Chinese factories that manufacture iPhones, run by supplier Foxconn, have drawn attention over the past decade for low wages and worker suicides. In September, Apple responded to a report from advocacy group China Labor Watch that found a failure to compensate workers at a Foxconn factory, saying Apple had found “all workers are being compensated fairly” and “no evidence of forced labor.”

Horowitz made the comments during a conversation that aired in an episode of Yahoo Finance’s “Influencers with Andy Serwer,” a weekly interview series with leaders in business, politics, and entertainment.

He co-founded the buzzy venture capital firm Andreessen Horowitz, which manages $10 billion in assets. Before that, he co-launched a data storage company called Loudcloud, later renamed Opsware, which sold to Hewlett-Packard (HPE) for $1.6 billion.

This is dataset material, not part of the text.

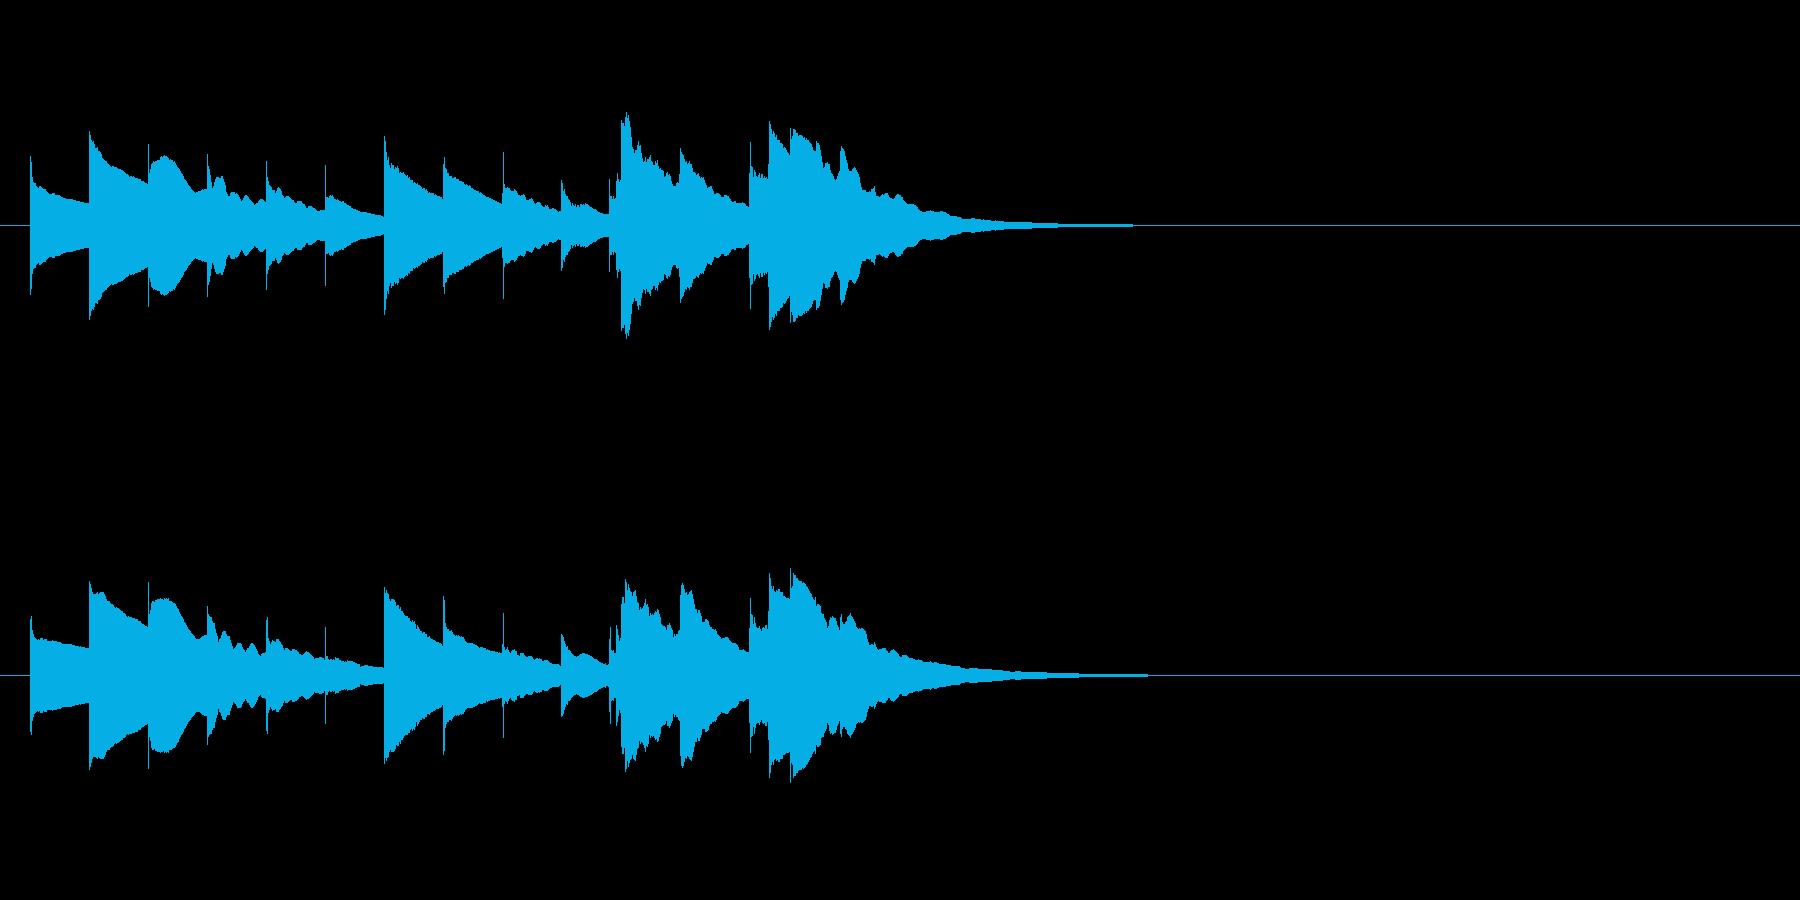 ほのぼのまったり短めオルゴールジングルの再生済みの波形

In 2014, he released “The Hard Thing About Hard Things: Building a Business When There Are No Easy Answers,” a best-selling book on how to run a startup.

Ben Horowitz, author and cofounder of venture capital firm Andreessen Horowitz, appears on Influencers with Andy Serwer.
Ben Horowitz, author and cofounder of venture capital firm Andreessen Horowitz, appears on Influencers with Andy Serwer.

Horowitz elaborates on the story of Amazon’s use of doors as makeshift desks in his new book “What You Do Is Who You are.”

“Desks at Amazon were built by buying cheap doors from Home Depot and nailing legs to them,” he writes.

“These door desks are not great ergonomically, nor do they fit with Amazon.com’s $860+ billion market capitalization, but when a shocked new employee asked why she had to work at a makeshift desk, the answer pinged back with illuminating consistency: ‘We look for every opportunity to save money so we can deliver the best products for the lowest cost.’”

In his new book, Horowitz also describes the culture-setting departure and return of late Apple founder Steve Jobs, who resigned from the company amid a management dispute in 1985 and came back as interim chief executive in 1997.

“When Steve Jobs came back to Apple, it was ninety days from insolvency,” Horowitz writes. “As of this writing, it is the most valuable company in the world.”

Jobs narrowed the range of products sold by the company and focused on optimizing the user experience of each one, returning the brand to its prior emphasis on product design, Horowitz writes.

“When Apple was an industry joke, it must have been tempting to purge the old culture entirely,” Horowitz adds. “Jobs, the former founder, knew that Apple’s original strengths should be the foundation of its new mission.”